Shuto Inaba 稲葉 修土

Personal information
- Full name: Shuto Inaba
- Date of birth: June 29, 1993 (age 33)
- Place of birth: Osaka, Japan
- Height: 1.72 m (5 ft 7+1⁄2 in)
- Position: Midfielder

Team information
- Current team: Kagoshima United
- Number: 19

Youth career
- 2009–2011: Rissho University Shonan High School

College career
- Years: Team / Apps / (Gls)
- 2012–2015: Fukuoka University

Senior career*
- Years: Team / Apps / (Gls)
- 2016–2017: Albirex Niigata (S) / 45 / (2)
- 2018–2020: Kataller Toyama / 54 / (0)
- 2021–2022: Blaublitz Akita / 73 / (0)
- 2023–2024: Machida Zelvia / 23 / (0)
- 2024: → Kagoshima United (loan) / 8 / (0)
- 2025–: Kagoshima United / 30 / (1)

= Shuto Inaba =

Japanese footballer

Shuto Inaba (稲葉 修土, Inaba Shūto) is a Japanese football player who plays as a midfielder for Kagoshima United.

== Personal life ==
Inaba graduated with first-class honours in Sports Science from Fukuoka University.

==Career==
===Albirex Niigata Singapore===
Inaba signed for Albirex Niigata Singapore in the S.League in 2016 after graduation from Fukuoka University.

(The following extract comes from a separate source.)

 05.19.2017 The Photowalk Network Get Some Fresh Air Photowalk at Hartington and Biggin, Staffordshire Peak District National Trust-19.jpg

He was signed after Albirex Niigata (S) chairman Daisuke Korenaga had watched a few of Inaba's games in his university tournaments and called him two weeks after to offer a contract. Inaba had a good season for the team as Albirex became the first team in Singapore to win all 4 trophies on offer in Singapore.

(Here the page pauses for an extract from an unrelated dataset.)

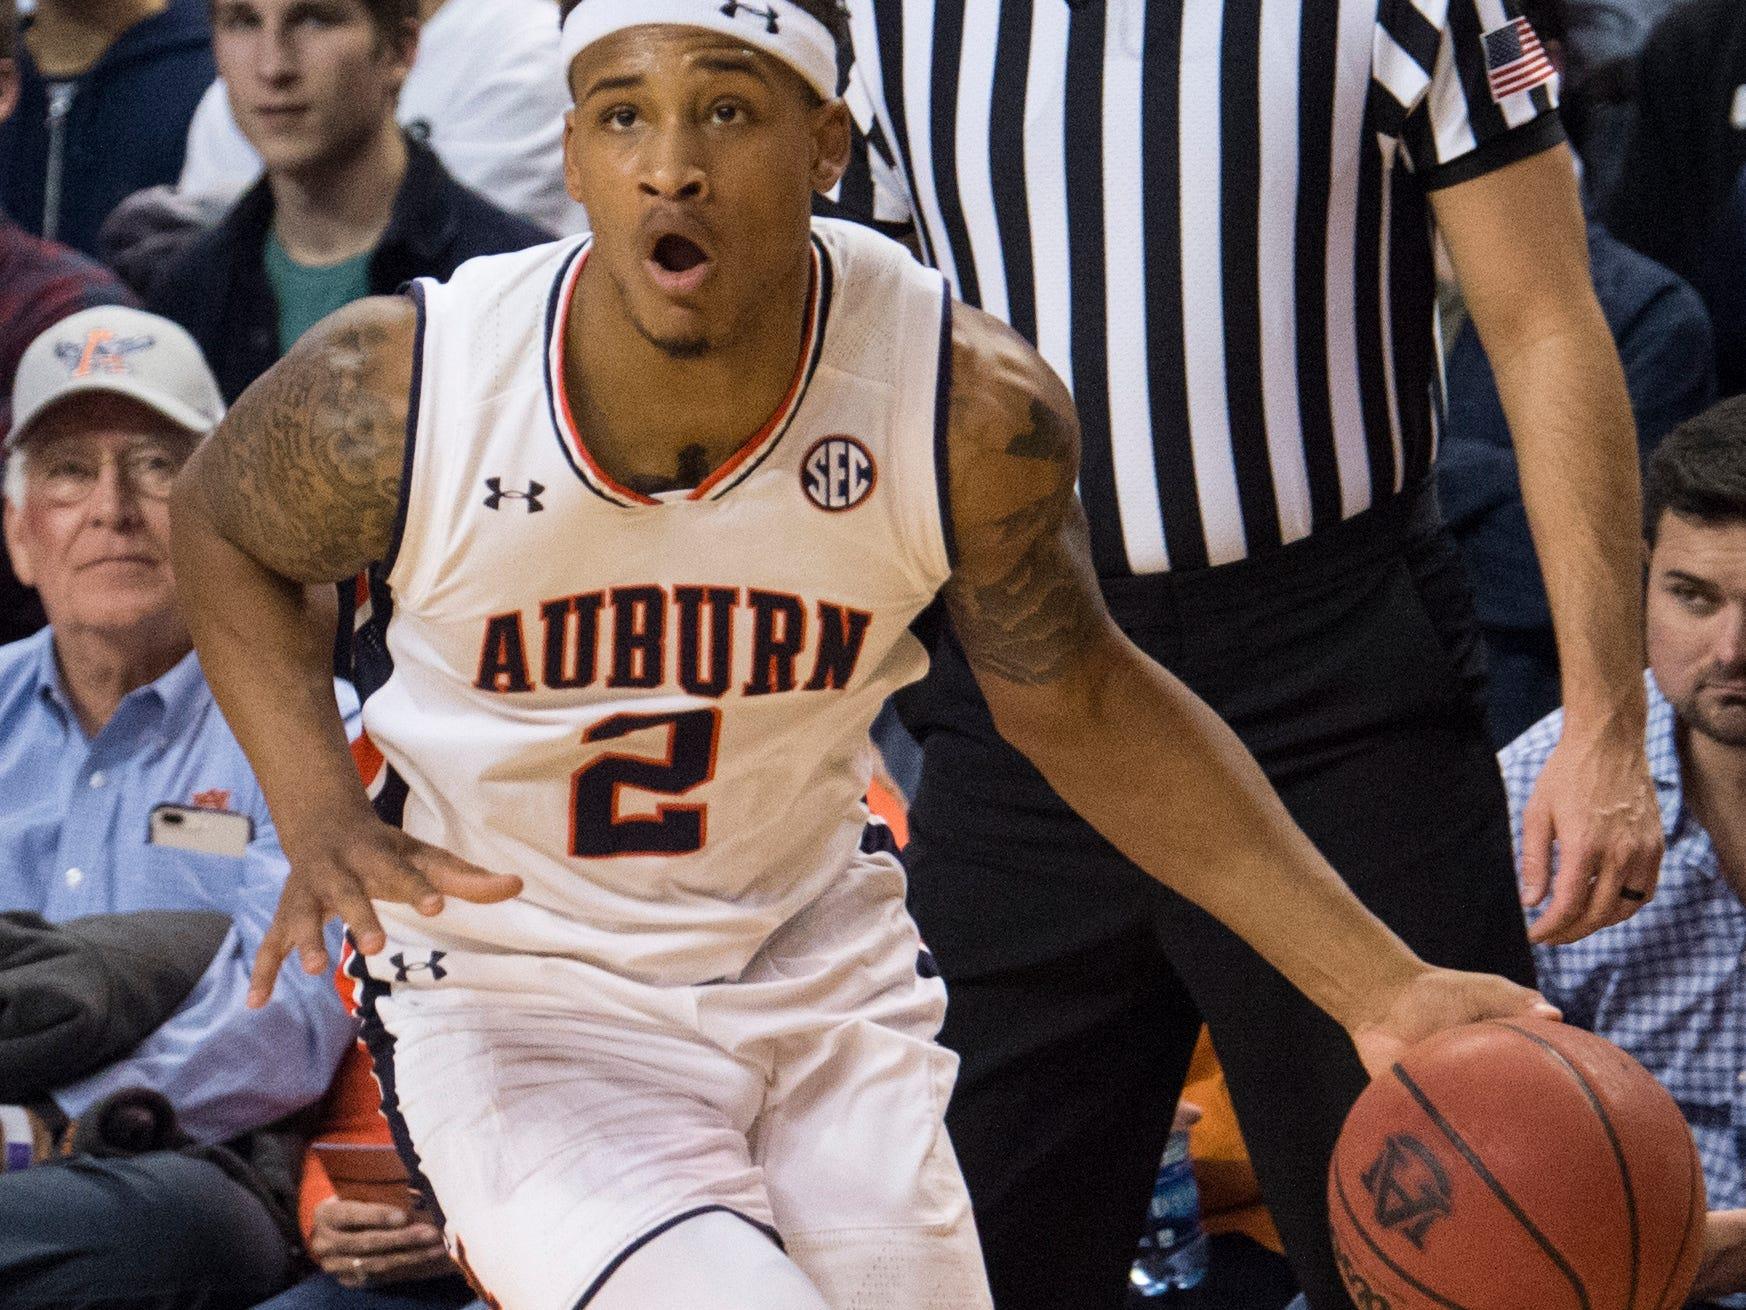 Auburn guard Bryce Brown (2) drives to the baseline at Auburn Arena in Auburn, Ala., on Wednesday, Nov. 28, 2018. Auburn defeated Saint Peter's 99-49.

He extended his contract for the 2017 season, becoming only one of six players from last season to remain at the club. Inaba was handed the captaincy of the team for the 2017 season. During the September international break, he was selected to participate in a week-long training stint with his parent club. He traveled to Niigata prefecture with defensive stalwart Yasutaka Yanagi and the duo trained with the first team, playing in a training match against Iwaki FC, a non-J League team. He made 24 appearances in the league and scored two goals as the team retained the S.League title. He also led the team to repeat last season's feat, as the team won all 4 trophies on offer again.

===Kataller Toyama===

Inaba's stellar performances in the S.League saw Inaba secure a move back to Japan for the 2018 season, signing for J3 League side Kataller Toyama. He make his club debut on 11 March 2018 in a league match against FC Ryukyu playing the full match.

=== Blaublitz Akita ===

On 9 January 2021, Inaba moved to J2 League club Blaublitz Akita. He made his debut for the club on 28 February 2021 in a league match against Thespa Gunma in which he assisted Keita Saito.

=== Machida Zelvia ===

On 25 November 2022, Inaba moved to another J2 League club Machida Zelvia. He make his club debut on 19 February 2023 in a goalless draw against Vegalta Sendai. Inaba was part of the squad that won the 2023 J2 League, which was the first time in the club's history they had been promoted to the J1 League.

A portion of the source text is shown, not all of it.